• **WORK REQUEST**: Give back the whole listing exactly as written, pictures excluded.

• **STORED DATA**:
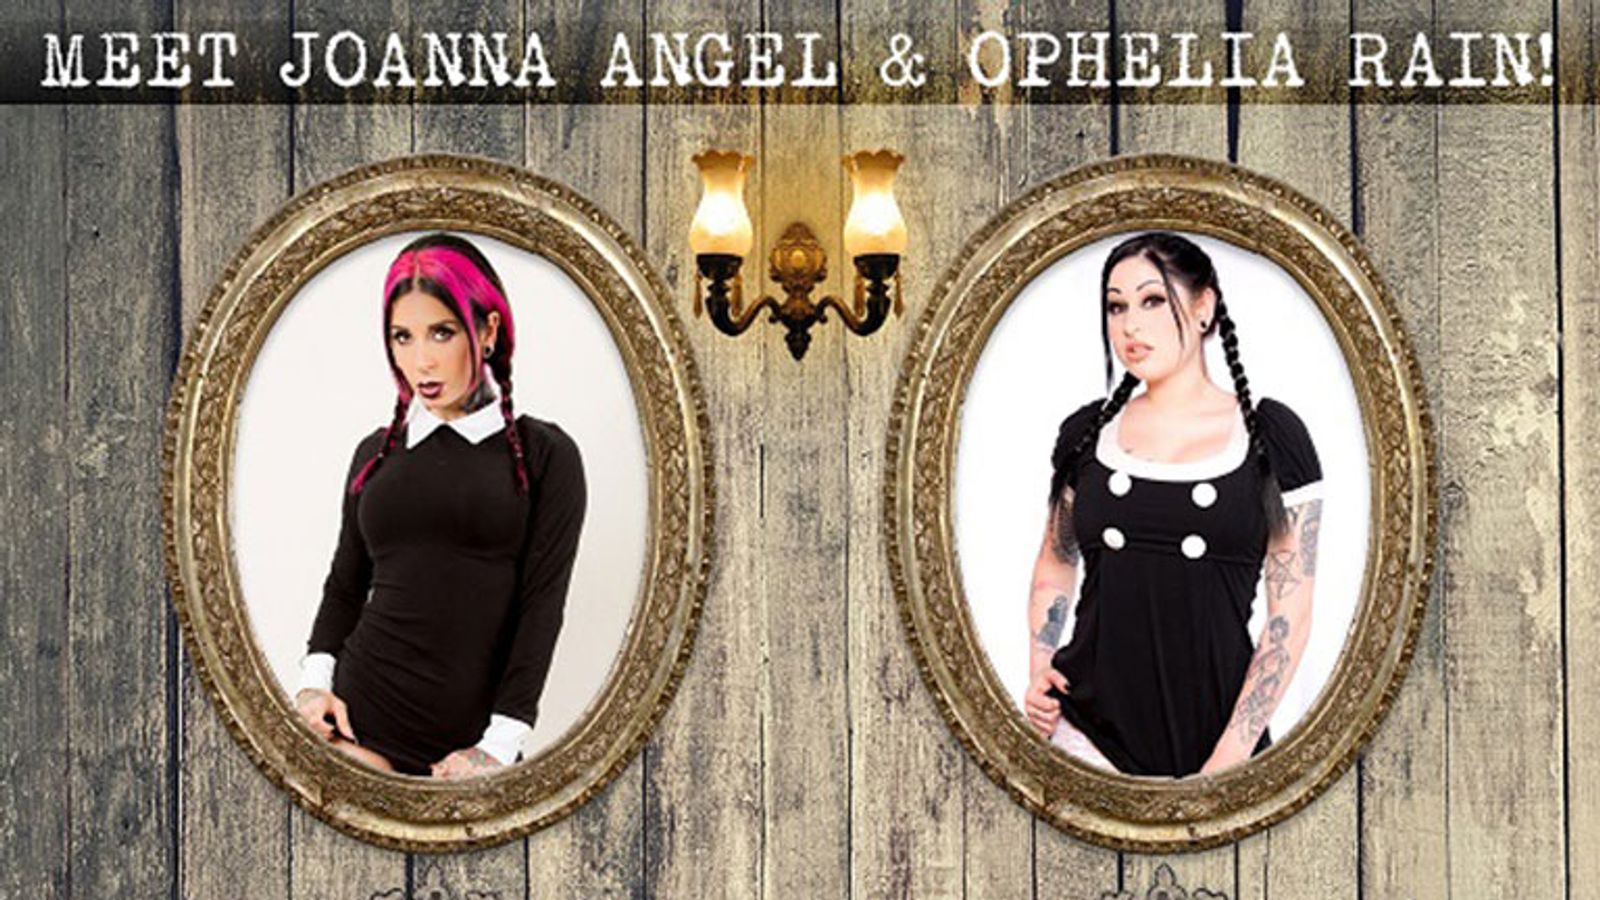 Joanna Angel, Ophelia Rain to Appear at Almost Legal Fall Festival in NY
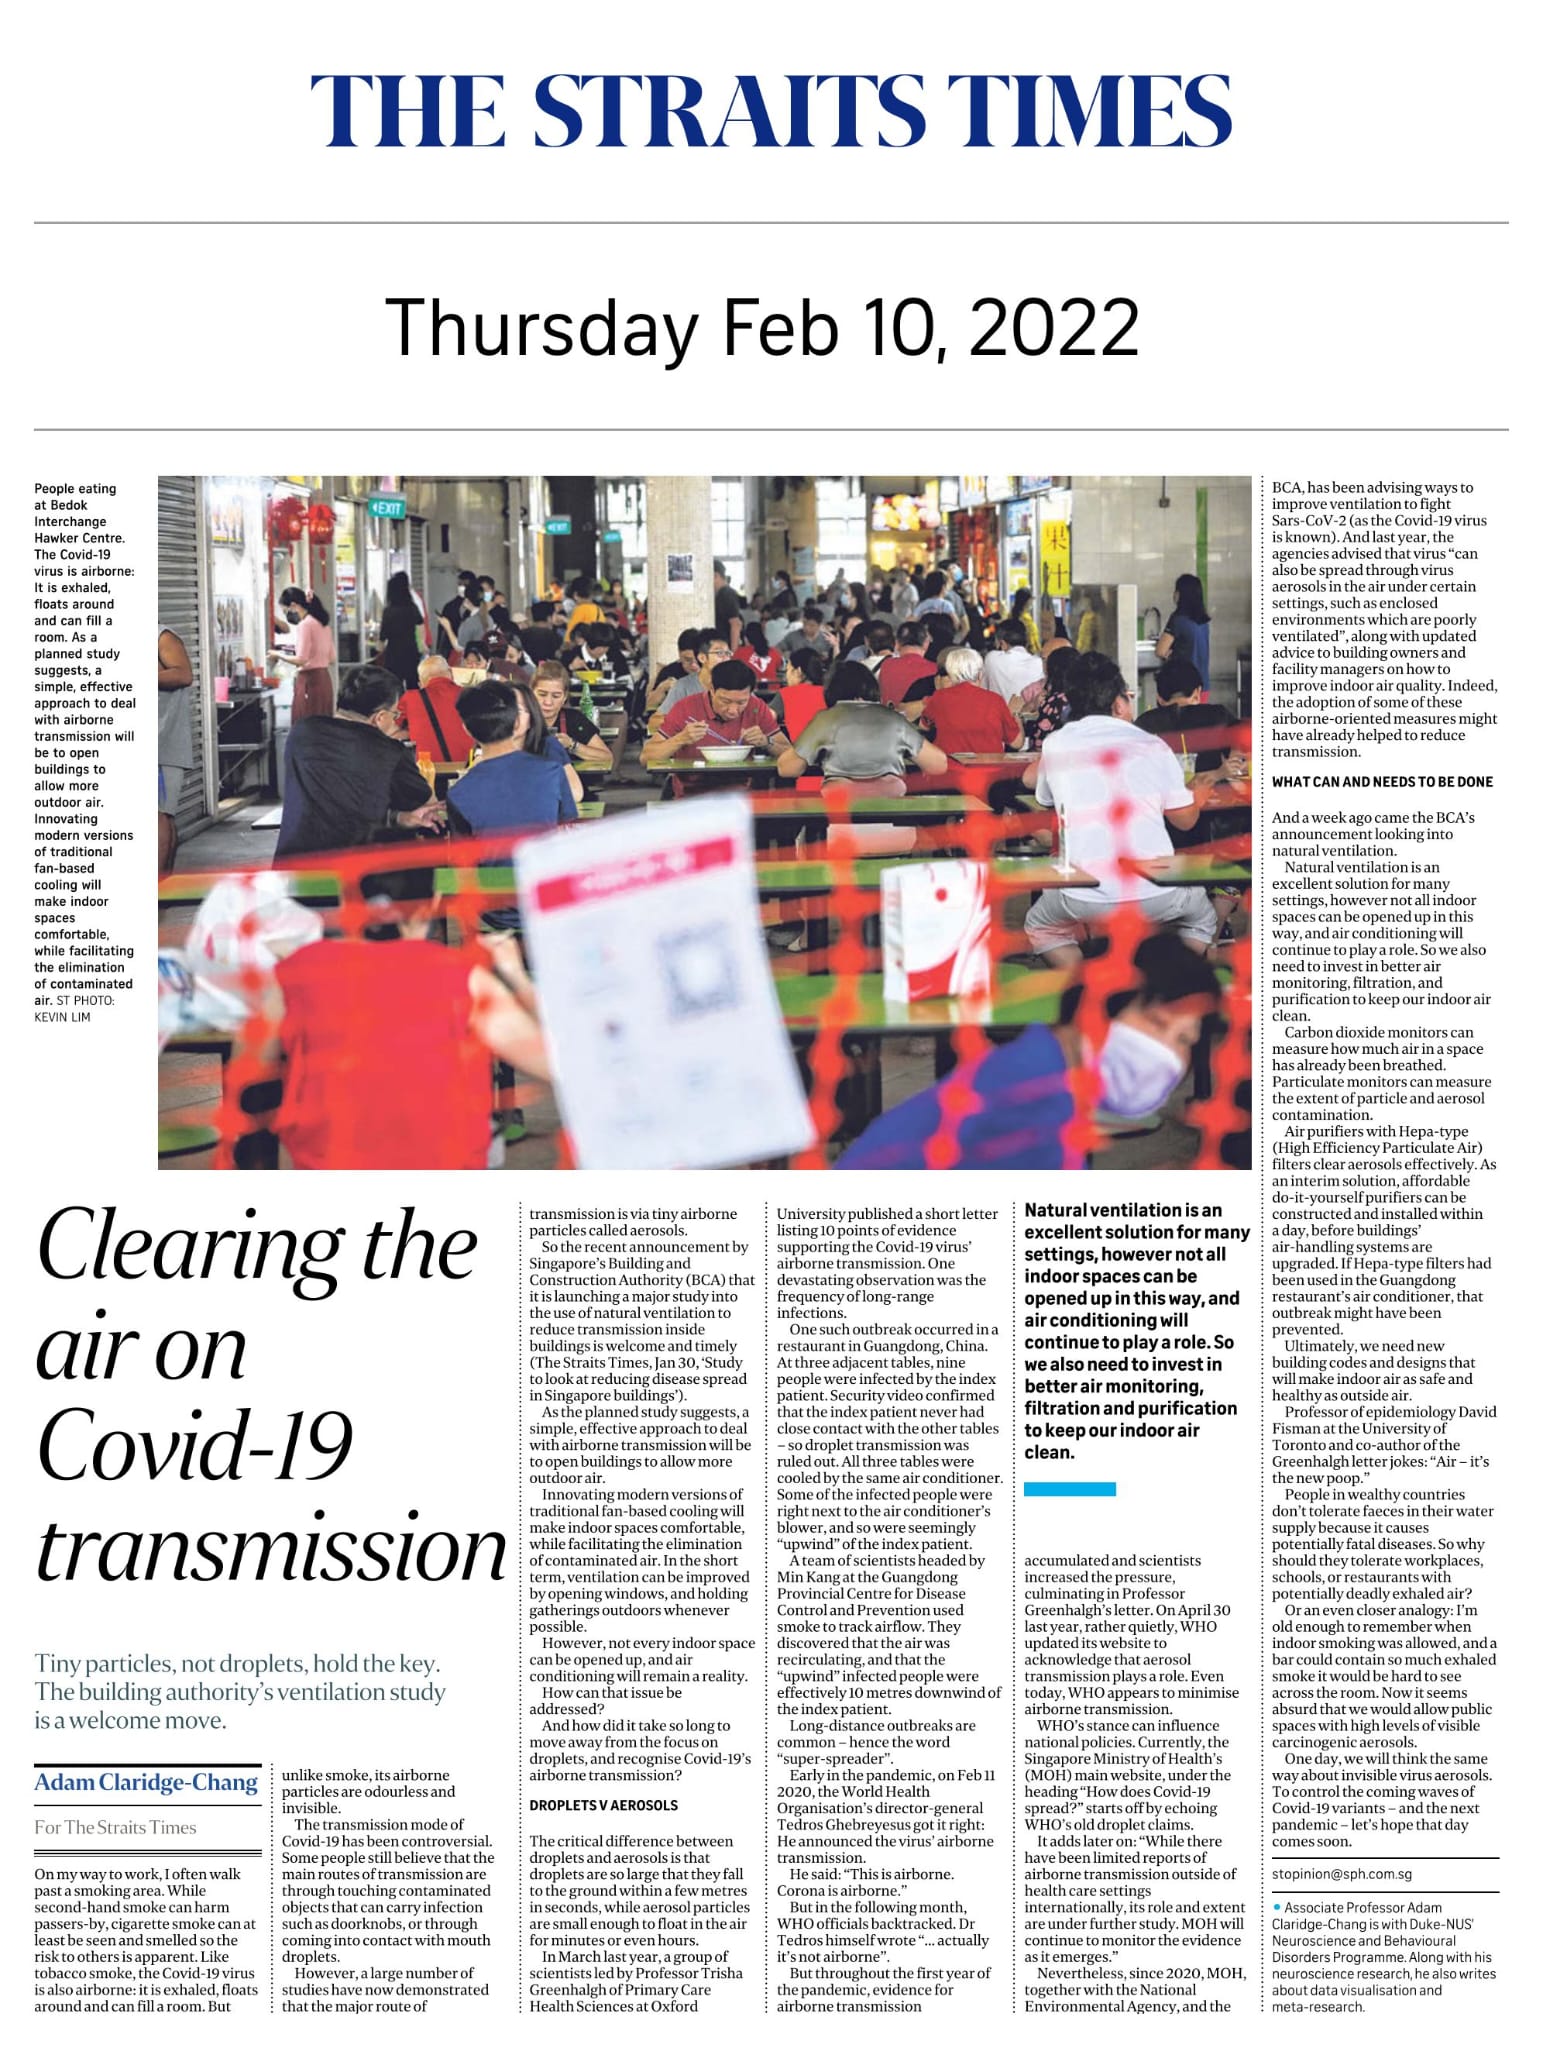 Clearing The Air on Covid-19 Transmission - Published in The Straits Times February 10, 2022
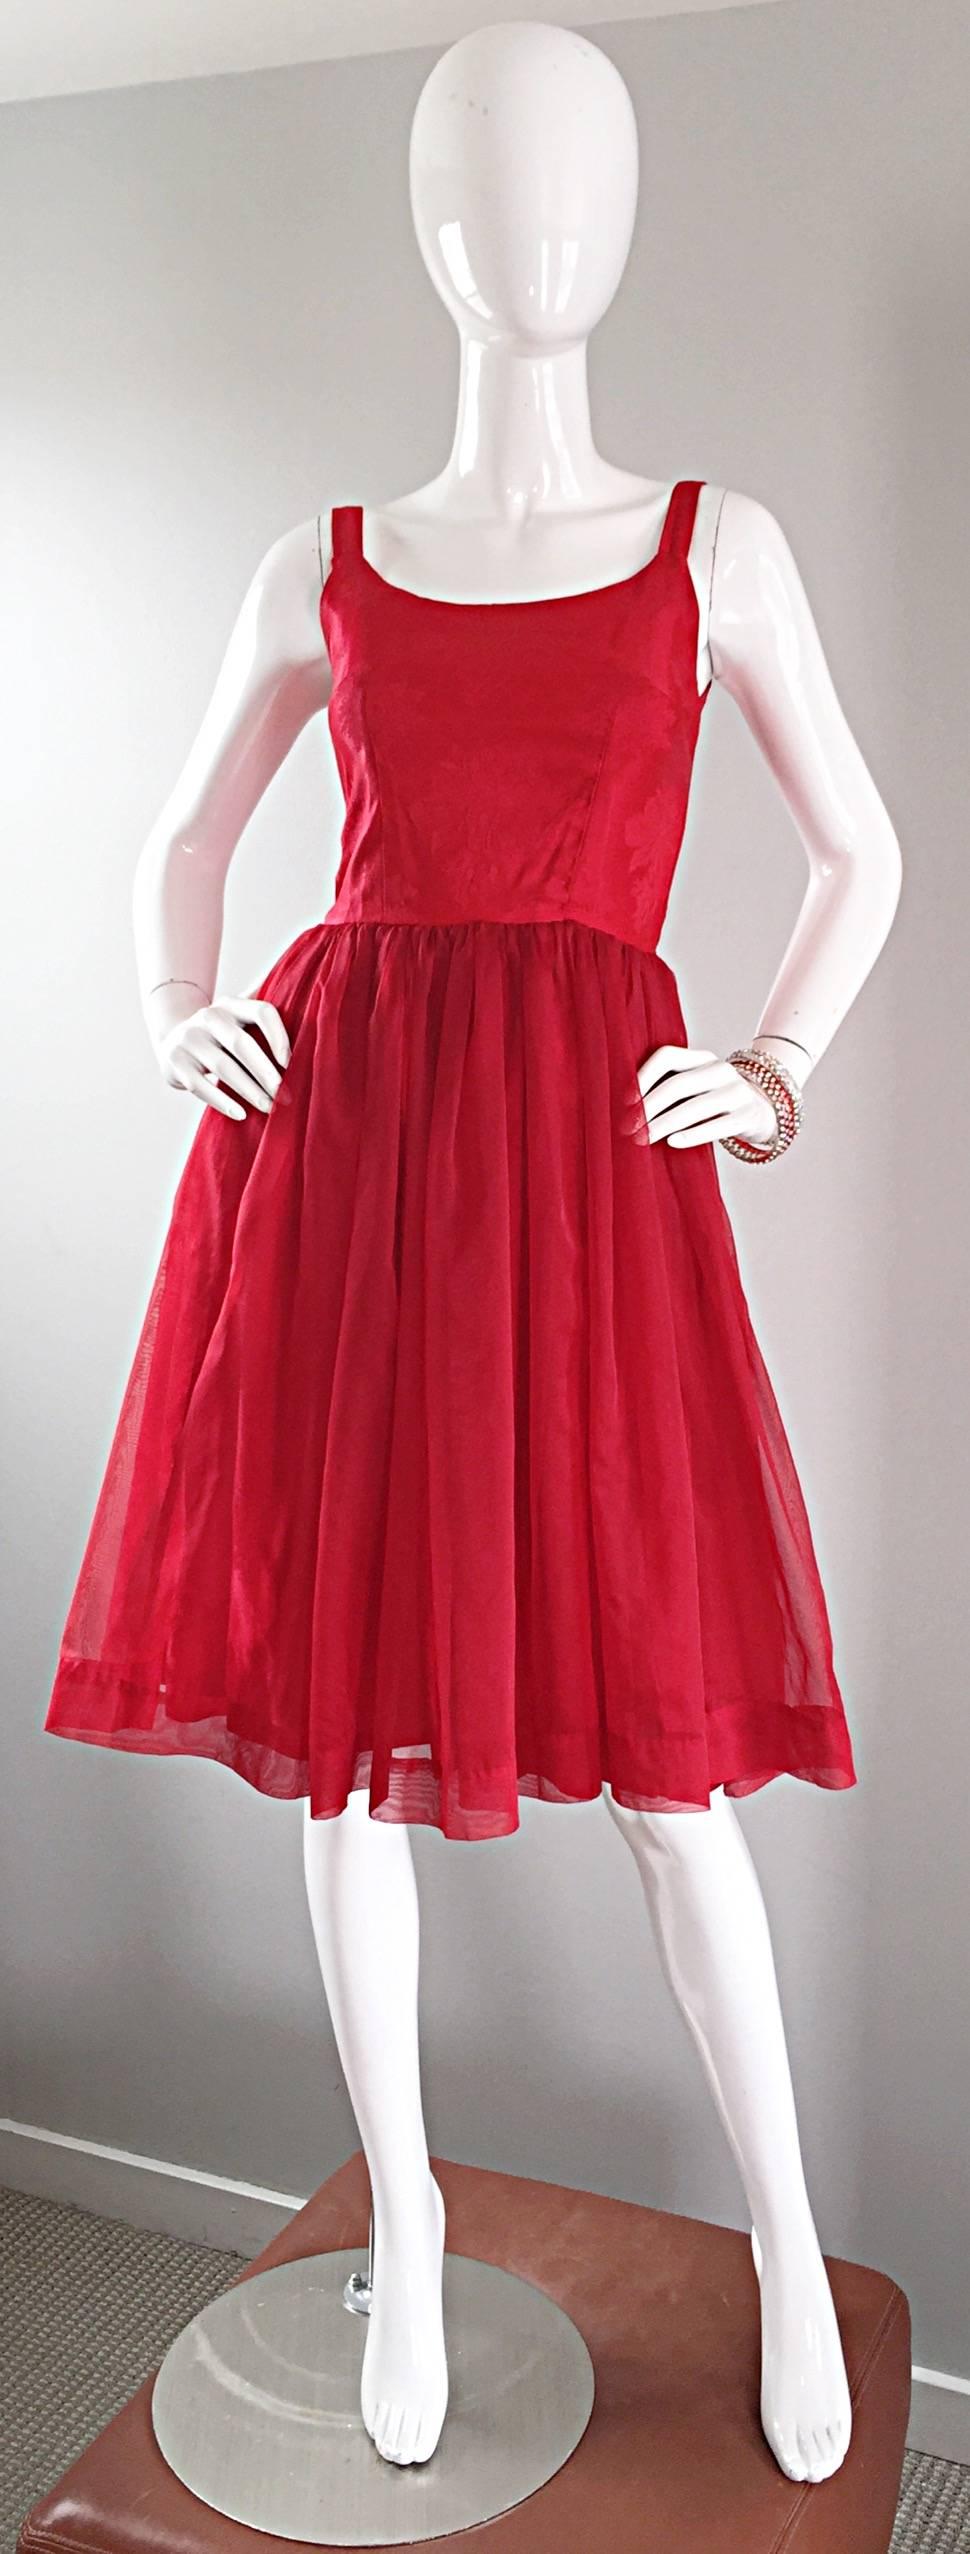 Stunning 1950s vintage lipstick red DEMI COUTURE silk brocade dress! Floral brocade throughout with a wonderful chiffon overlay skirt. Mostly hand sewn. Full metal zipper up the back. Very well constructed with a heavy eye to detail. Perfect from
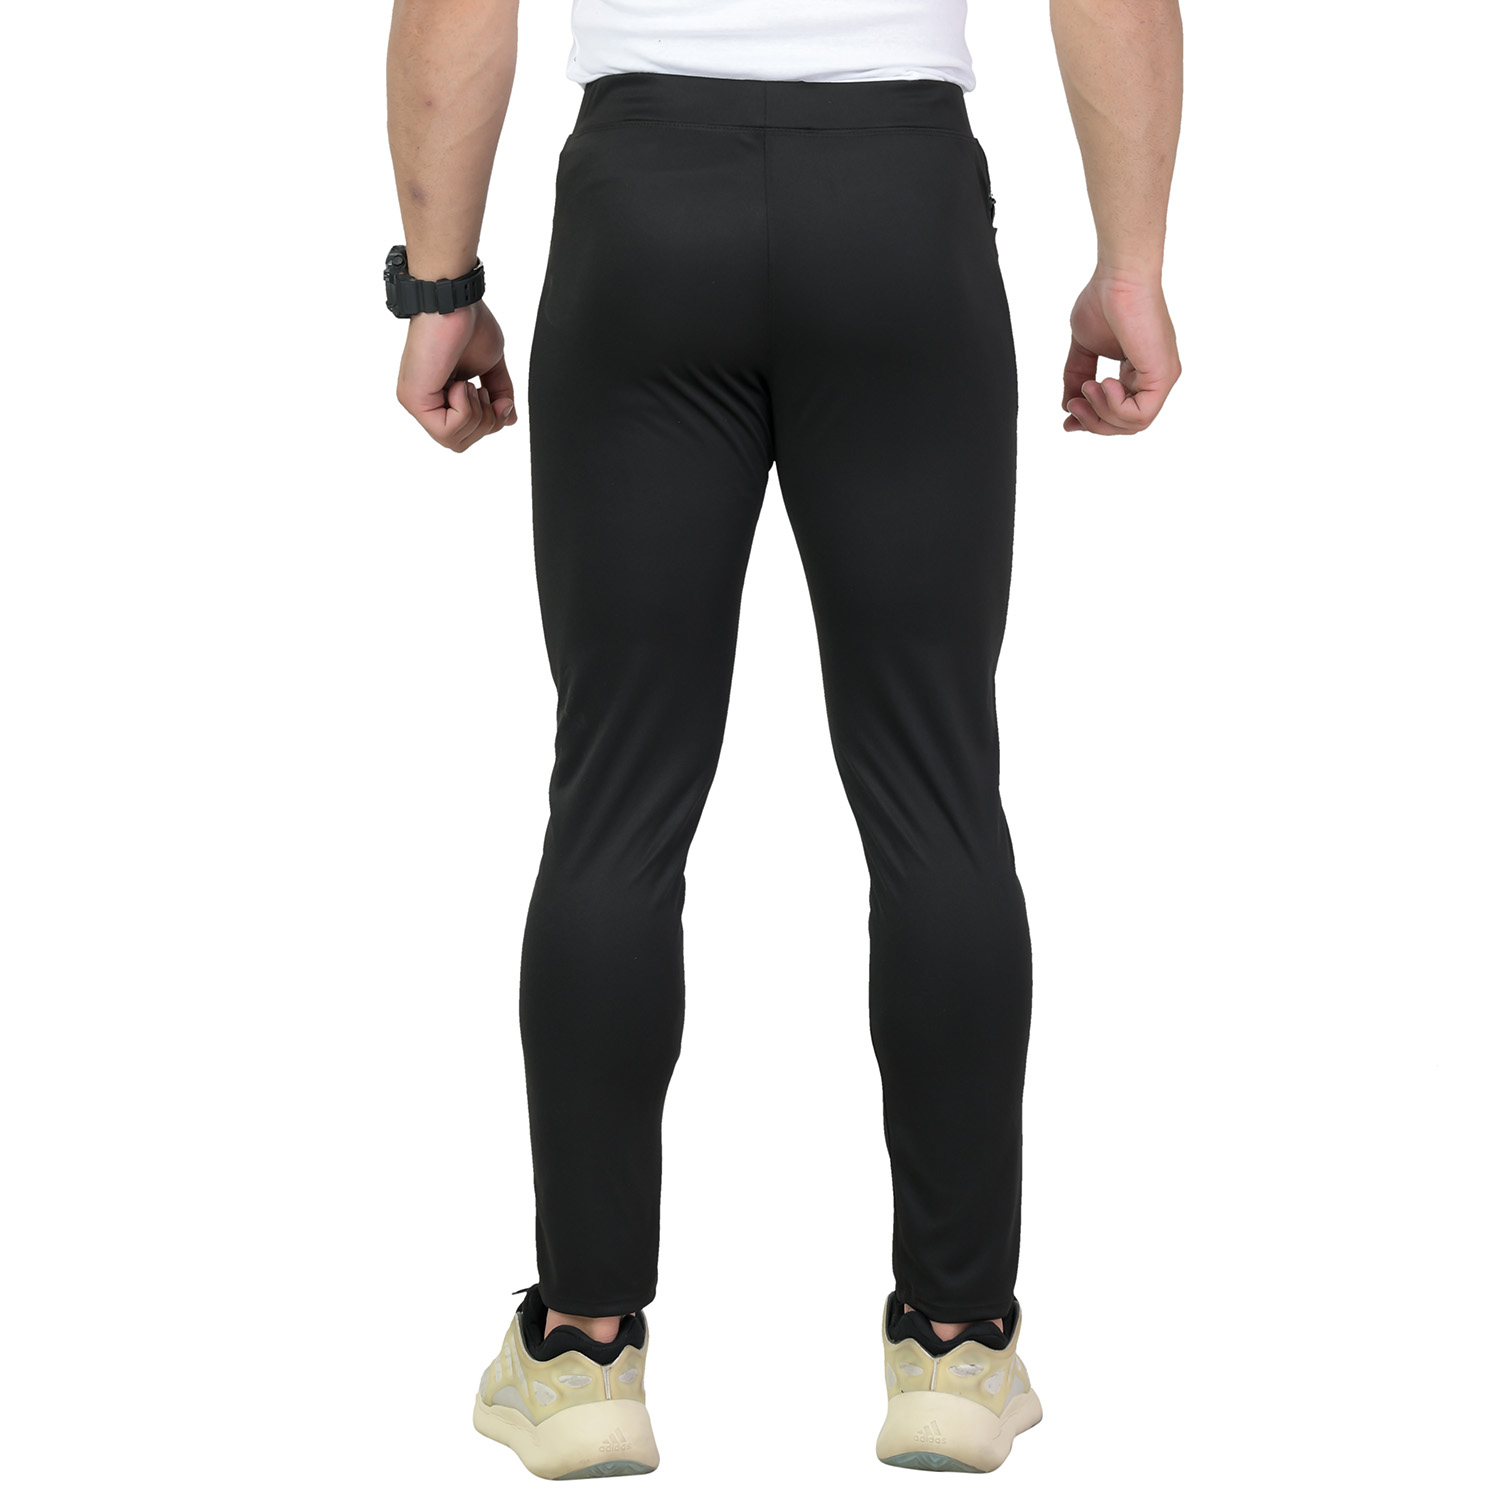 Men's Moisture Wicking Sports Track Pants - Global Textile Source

• **ANSWER TO THE EXERCISE**:
 Joanna Angel, Ophelia Rain to Appear at Almost Legal Fall Festival in NY
 Clearing The Air on Covid-19 Transmission - Published in The Straits Times February 10, 2022
 Stunning 1950s vintage lipstick red DEMI COUTURE silk brocade dress! Floral brocade throughout with a wonderful chiffon overlay skirt. Mostly hand sewn. Full metal zipper up the back. Very well constructed with a heavy eye to detail. Perfect from
 Men's Moisture Wicking Sports Track Pants - Global Textile Source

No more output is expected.